CAMBA Legal Services, which is part of the Brooklyn-based organization CAMBA, provides free representation to tenants in housing court as well as to immigrants seeking residency. The staff of 40, including two pregnant women, began striking on April 15.

“I feel really good about the deal overall,” said Marisa Menna, a staff attorney with CLS. “We won a lot of common sense gains that will enhance quality of life for our members.”

The deal that attorneys and support staff reached with management included annual raises for staff attorneys, as well as lower employee contribution to health insurance premiums, according to staff members. CAMBA also agreed to pay employees 10 percent of their salary when they’re on parental leave, according to Dafina Oruqi, a paralegal for CLS who is eight months pregnant.

CLS staff originally demanded fully paid parental leave. Staff members complained that CAMBA gave out no paid family leave, and that attorneys and staffers often left the organization when they wanted to start a family.

“I’m still not happy, but listen, I don’t have the luxury of being on strike,” Oruqi said. “These days I have to work so I can get a paycheck so I can leave on maternity leave. But that doesn’t mean I agreed to the contract we signed. I respect my coworkers’ decision. Me personally, I would have been on strike a little bit more.”
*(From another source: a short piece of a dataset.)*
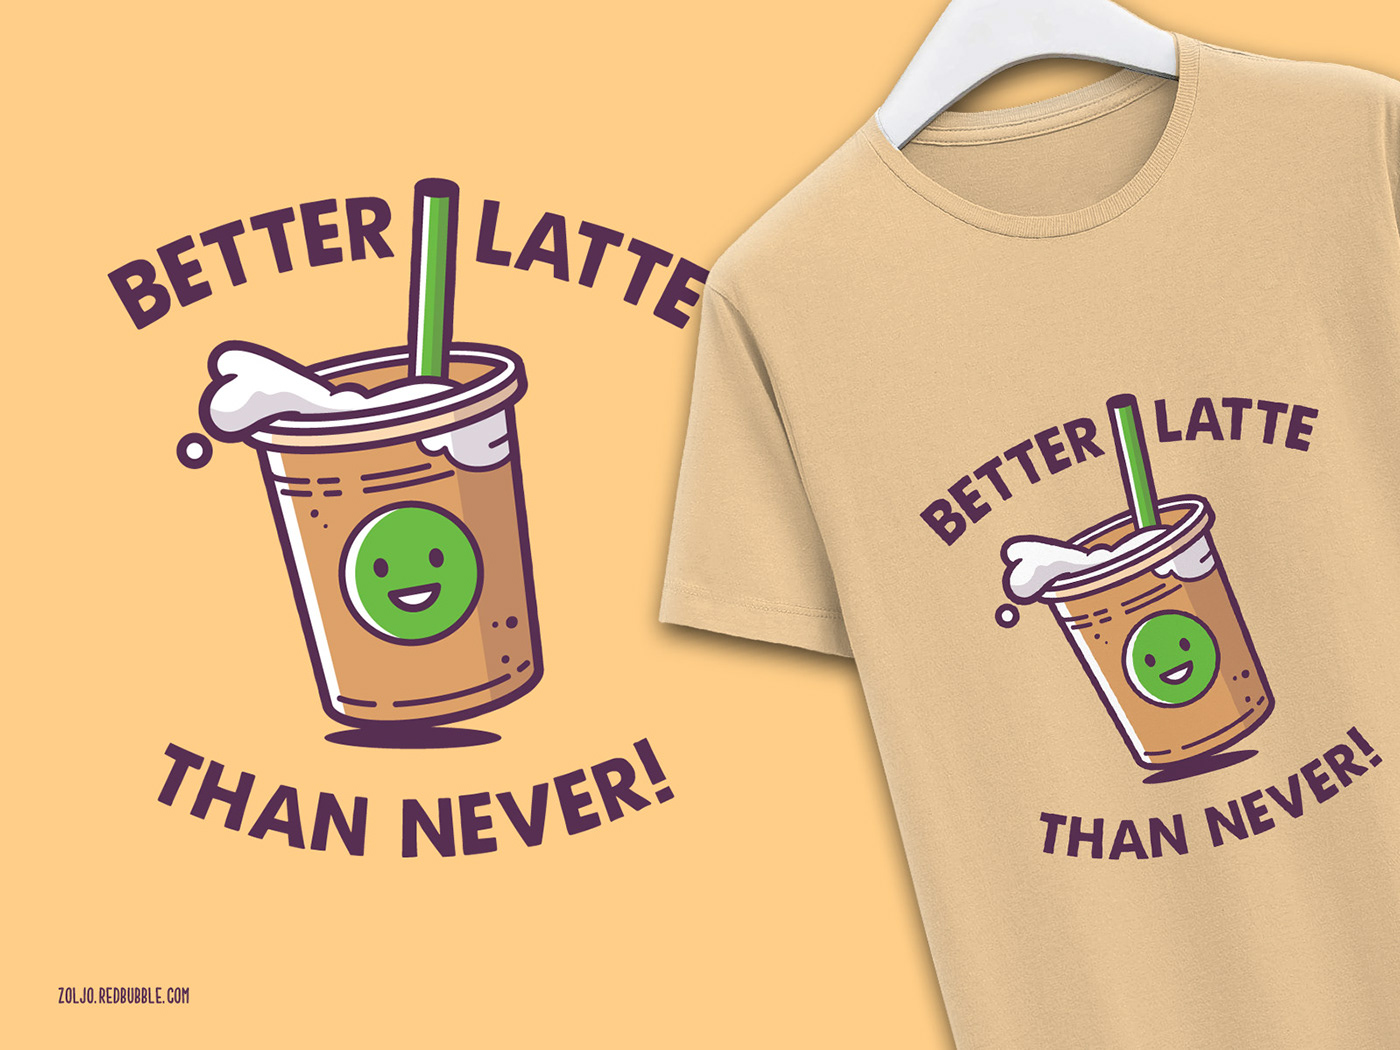 Better Latte than never, Coffee lovers themed illustration for t-shirt design.

Because of New York State’s new paid family leave law, Oruqi will collect 55 percent of her salary from the state for ten weeks when she has a child. CAMBA will provide ten percent on top of that.

Oruqi said it’s not enough.

“65 percent is a joke — especially for support staff,” she said.

“We look forward to their return to serving the clients who depend upon us for outstanding legal representation and other services,” a spokesperson for CAMBA told the Brooklyn Eagle in a statement.

CLS staff unionized last may with the Association of Legal Aid Attorneys (UAW Local 2325), and had been battling for a new contract ever since. They held a one-day strike on March 27.

“We made a push definitely and got a lot of last minute political and media support and it was all hugely helpful,” Menna said.